THE UK Labour leadership contest was engulfed in a dirty tricks row yesterday, after one of the candidates was forced to deny sleeping with her campaign manager.

Liz Kendall accused rivals of conducting a smear campaign, after unfounded claims were circulated that she was in a relationship with recently divorced MP John Woodcock.

Speaking with Kendall’s approval, Woodcock said the “systematic” campaign was “totally unacceptable” and the rumour was “not true, has never been true and would never be true”.

In another blow to the party’s reputation, it was reported that up to 1000 people who signed up to vote on the leadership had been barred for belonging to or supporting other parties.

Around 140,000 new recruits have signed up since May, prompting fears of entryism from both the left and the right. The belief is that the left wish to boost support for the left-wing frontrunner Jeremy Corbyn, while Tory supporters have secretly signed up to back Corbyn in the hope he will make Labour unelectable and split the party.

Deputy leadership candidate Stella Creasy yesterday admitted Labour had “missed a trick” by not learning from the experience of American primary elections, where voters register as supporters of particular party.

Against the backdrop of infighting and administrative chaos, Corbyn made clear that to him the contest was about hope and a new mood in the party.

“We are not doing celebrity, personality, abusive politics – we are doing ideas,” he said.

He downplayed claims of entryism and Tory troublemakers, saying: “The numbers don’t stack up. The entryism, if anything, is of enthusiastic young people. We can all be happy about that.”

Woodcock told reporters the smears about him and Kendall started a month ago, and the pair decided to confront them publicly after two journalists told them the claims came from the campaign of one of Kendall's rivals.

The rumours included the suggestion that Kendall, who recently separated from the comedian Greg Davies, had holidayed with Woodcock and his young children in France.

"People who are spreading these rumours about Liz and me need to remember how much damage these acts of smear can do," Woodcock said.

"This is clearly being done systematically, to damage Liz's campaign.
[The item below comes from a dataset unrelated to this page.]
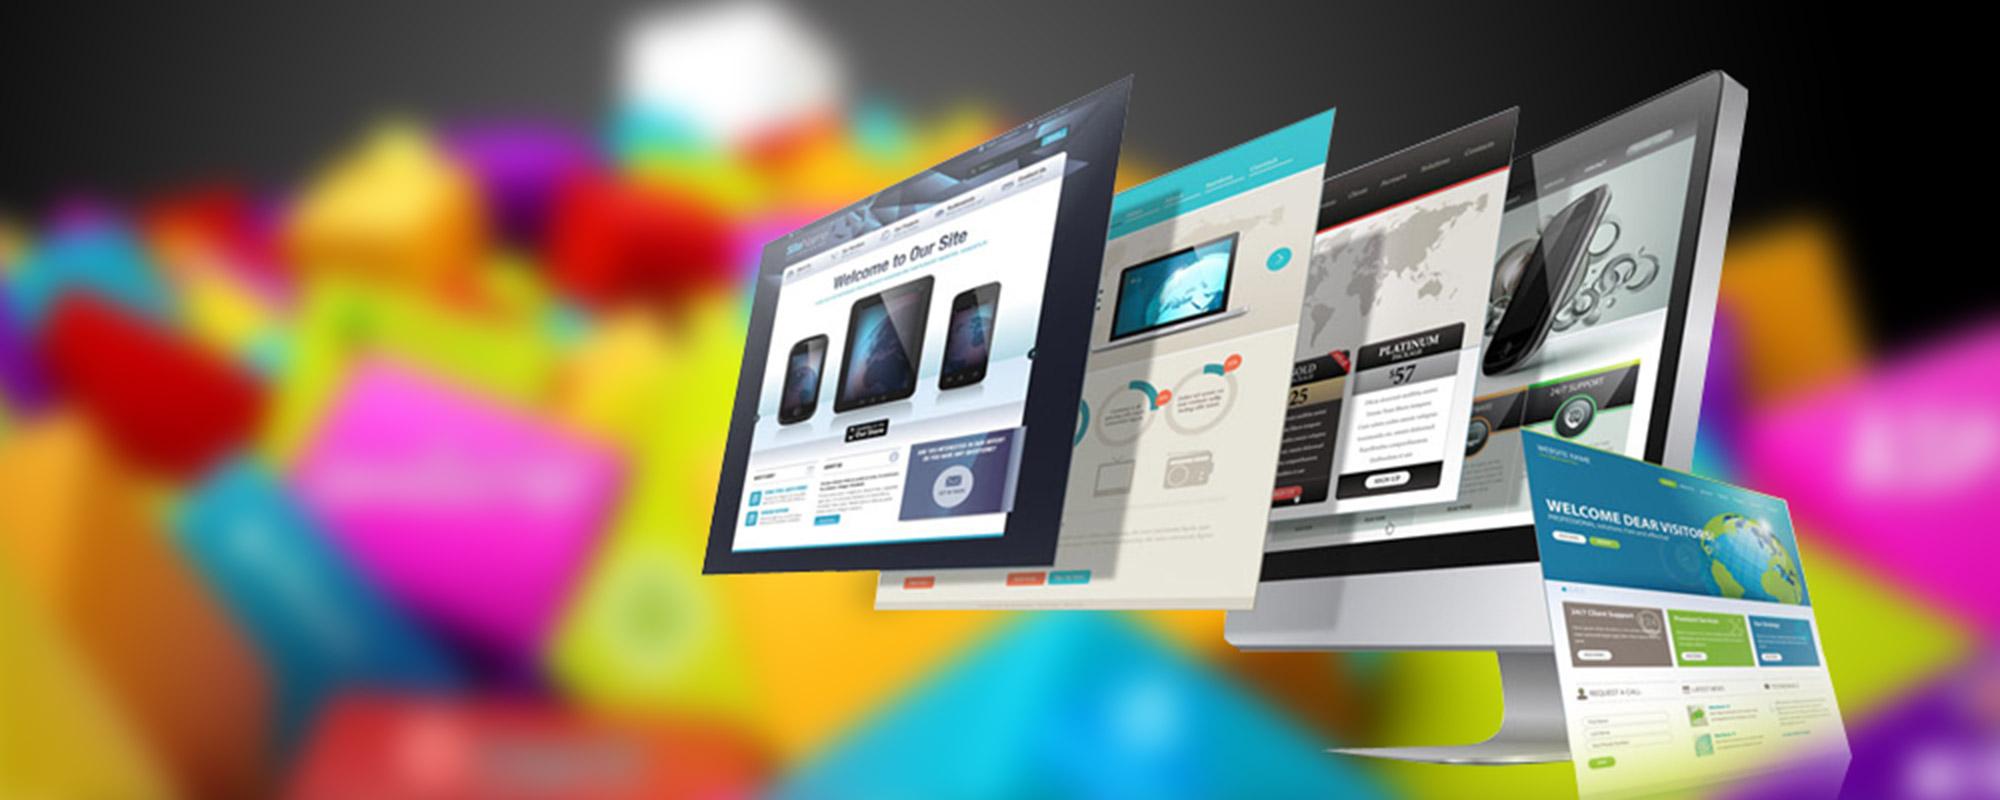 webdesign-banner_big

It is totally unacceptable and that is why I have decided to talk about this publicly.

"It is hurtful for my family, and it is designed to make things difficult for Liz."

The most Blairite of the four leadership hopefuls, Kendall is now seen as the rank outsider in a contest dominated by ‘Corbynmania’, but when the rumours began she was viewed as a more credible threat to her rivals, who include Andy Burnham and Yvette Cooper.

The 44-year-old previously complained of a “sexist” jibe by a female Labour MP who said Cooper would be preferable as she was a mother - Kendall does not have children.

Woodcock, the MP for Barrow and Furness, said the latest rumours “must stop now” and threatened to expose those responsible after the contest ends on September 12.

“This has given me a small insight into the kind of difficulty so many women come across, when it is said that they are only where they are because they are sleeping with someone or someone fancies them,” he said.

Meanwhile, Corbyn said yesterday his unexpectedly successful campaign had tapped into the same anti-austerity mood behind Syriza in Greece and Podemos in Spain.

“The mood is there and we happen to be in the middle of it. It is not just here. There are equivalent movements across Europe, the USA and elsewhere. It’s been bubbling for a long time. It is opposition to economic orthodoxy that leads us into austerity and cuts. But it is also a thirst for something more communal, more participative. That, to me, is what is interesting in this process.”

Despite frequently being compared to former Labour leader Michael Foot, Corbyn said his favourite party leader was actually the Scottish QC John Smith, who died aged 55 in 1994.

“What a decent, nice, inclusive leader he was. What a tragedy he died when he did.”

In other developments in the UK Labour leadership race, Cooper accused David Cameron of “vandalising democracy” with his plan to appoint a raft of new Tory peers to the House of Lords without wider constitutional reform.

[BLOB] In the Scottish leadership contest, frontrunner Kezia Dugdale said that if she won next Saturday, Labour would pay more to teachers who work in deprived areas.

Underdog Ken Macintosh said most Scottish Labour members remained undecided about who they would elect and said he was “confident” of victory, claiming momentum was with him.

An SNP spokesman said: "North and south of the border, Labour is riddled with back-biting and double crossing; it has totally lost touch with the people and is in terminal decline."

Scottish Tory deputy leader Jackson Carlaw said: “As every day passes it's becoming clearer that the Labour party are in total disarray.

"Voters in Scotland will now realise that the Scottish Conservatives are the only serious pro-Union party to vote for a next year's Holyrood elections."